Experimental program
Comparison scheme
Effect test

Example Embodiment

[0024] Example 1

[0025] A mulberry fruit vinegar includes raw materials of the following weights: 100 g of mulberries, 20 g of bayberry, and 20 g of lychees.

[0026] The preparation method includes the following steps:

[0027] (1) Select ripe mulberry, bayberry and lychee fruits, remove surface debris, remove pits and peels, break and make pulp, add a certain amount of pectinase, and let stand for 1 hour at room temperature to obtain pulp and pulp Filter to obtain filtrate and pomace;

[0028] (2) Add active dry yeast to the filtrate for fermentation, the weight of active dry yeast added is 0.1% of the total fruit mass, the fermentation temperature is 20°C, and the fermentation time is 7 days to obtain fruit wine;

[0029] (3) Connecting acetic acid bacteria to the fruit wine for acetic acid fermentation, the inoculum weight ratio of the acetic acid bacteria is 0.1%, the fermentation temperature is 20°C, the fermentation time is 10 days, and the initial product of fruit vinegar is ...

Example Embodiment

[0032] Example 2

[0033] A mulberry fruit vinegar includes raw materials of the following weights: 200 g of mulberries, 40 g of bayberry, and 40 g of lychees.
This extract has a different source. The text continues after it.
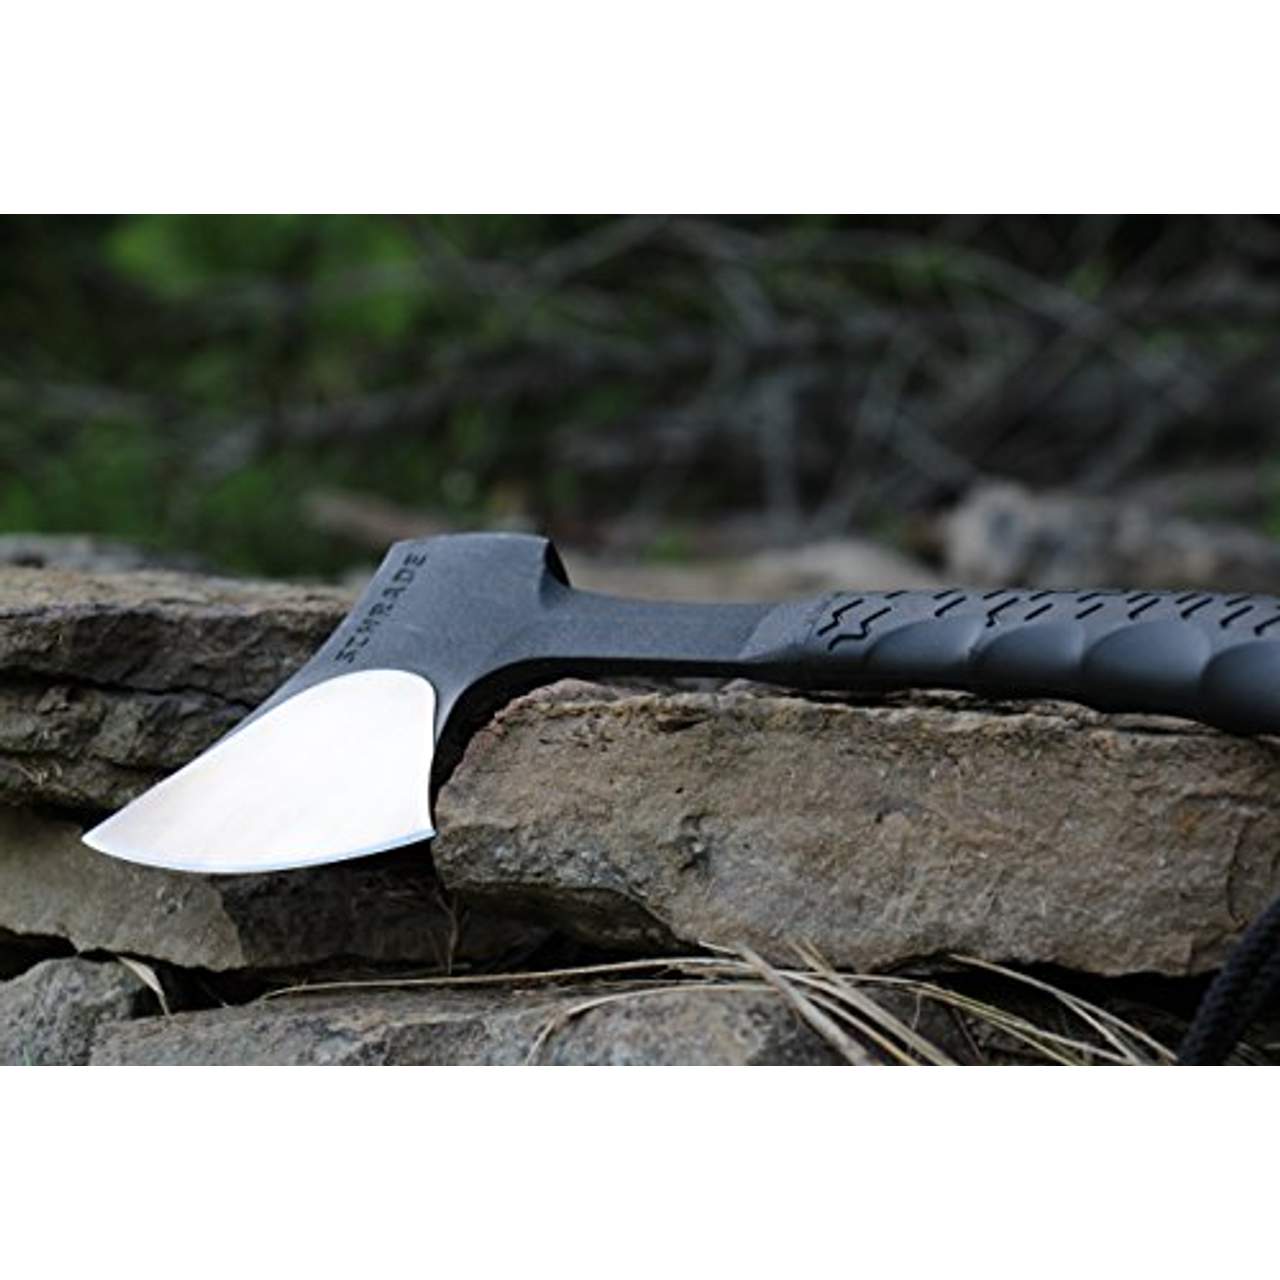 Schrade 0 SCAXE10 Full Tang Hatchet by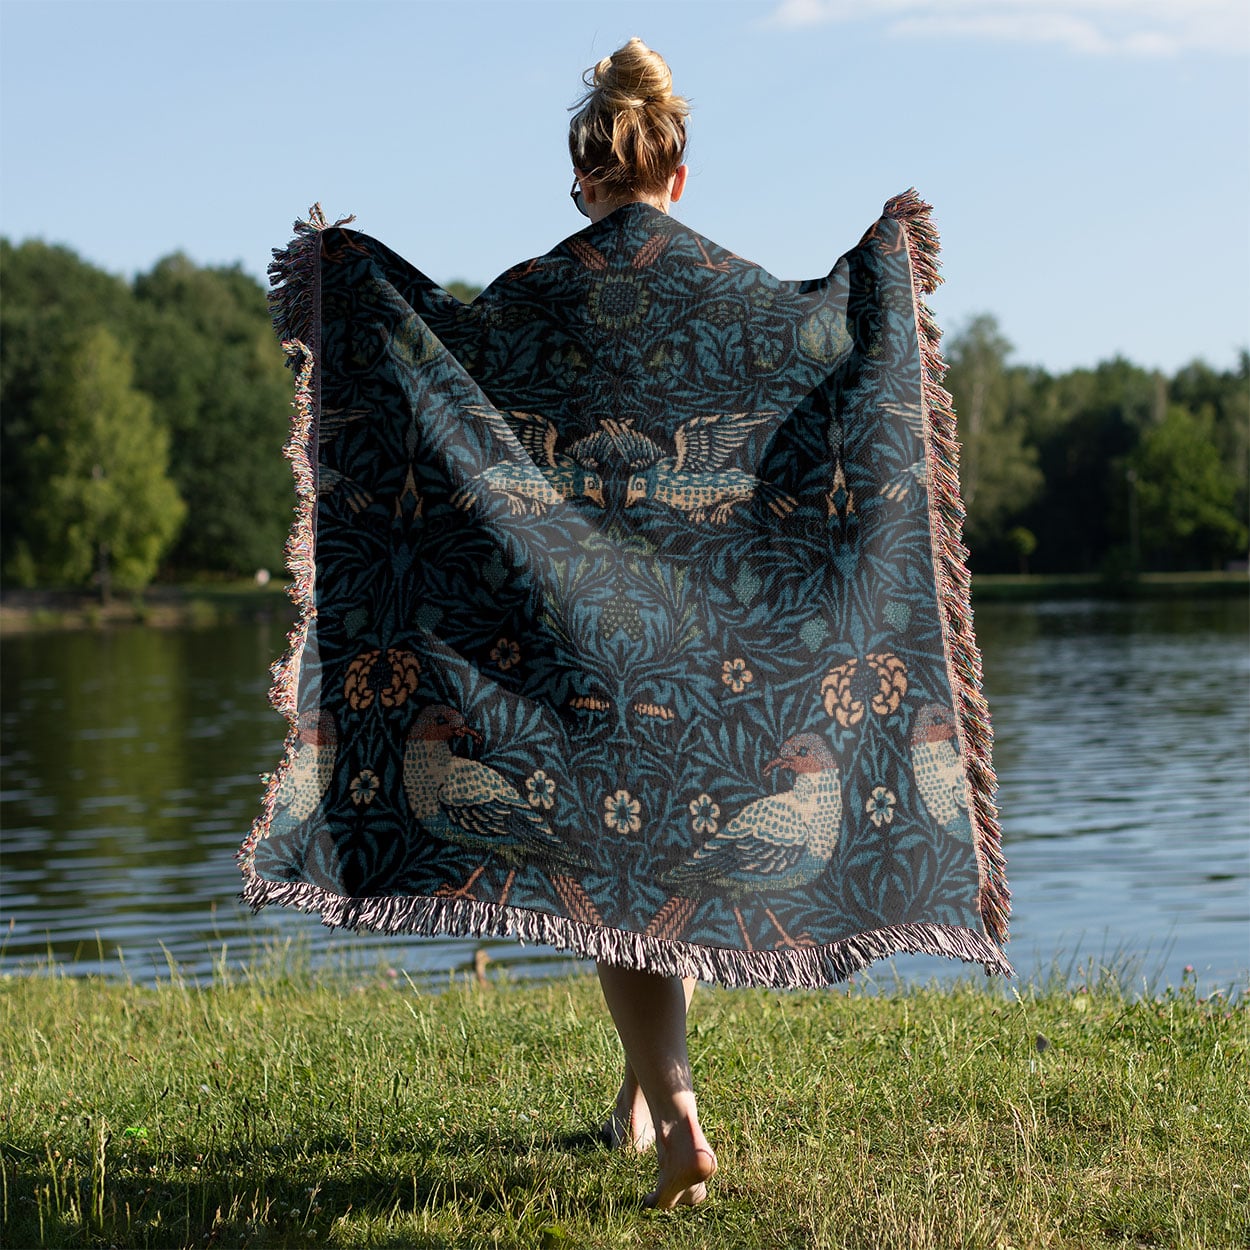 Blue Nature Pattern Woven Blanket Held on a Woman's Back Outside

[0034] The preparation method includes the following steps:

[0035] (1) Select mature mulberry, bayberry and litchi fruits, remove surface debris, remove pits and peels, break and beating, add a certain amount of pectinase, and let stand for 3 hours at room temperature to obtain pulp and pulp. Filter to obtain filtrate and pomace;

[0036] (2) Add active dry yeast to the filtrate for fermentation, the weight of active dry yeast added is 1% of the total fruit mass, the fermentation temperature is 40°C, and the fermentation time is 3 days to obtain fruit wine;

[0037] (3) Connect acetic acid bacteria in the fruit wine to carry out acetic acid fermentation, the inoculum weight ratio of acetic acid bacteria is 1%, the fermentation temperature is 40°C, the fermentation time is 3 days, and the initial product of fruit vinegar is o...

Example Embodiment

[0040] Example 3

[0041] A mulberry fruit vinegar includes raw materials of the following weights: 150 g of mulberries, 30 g of bayberry, and 30 g of litchi.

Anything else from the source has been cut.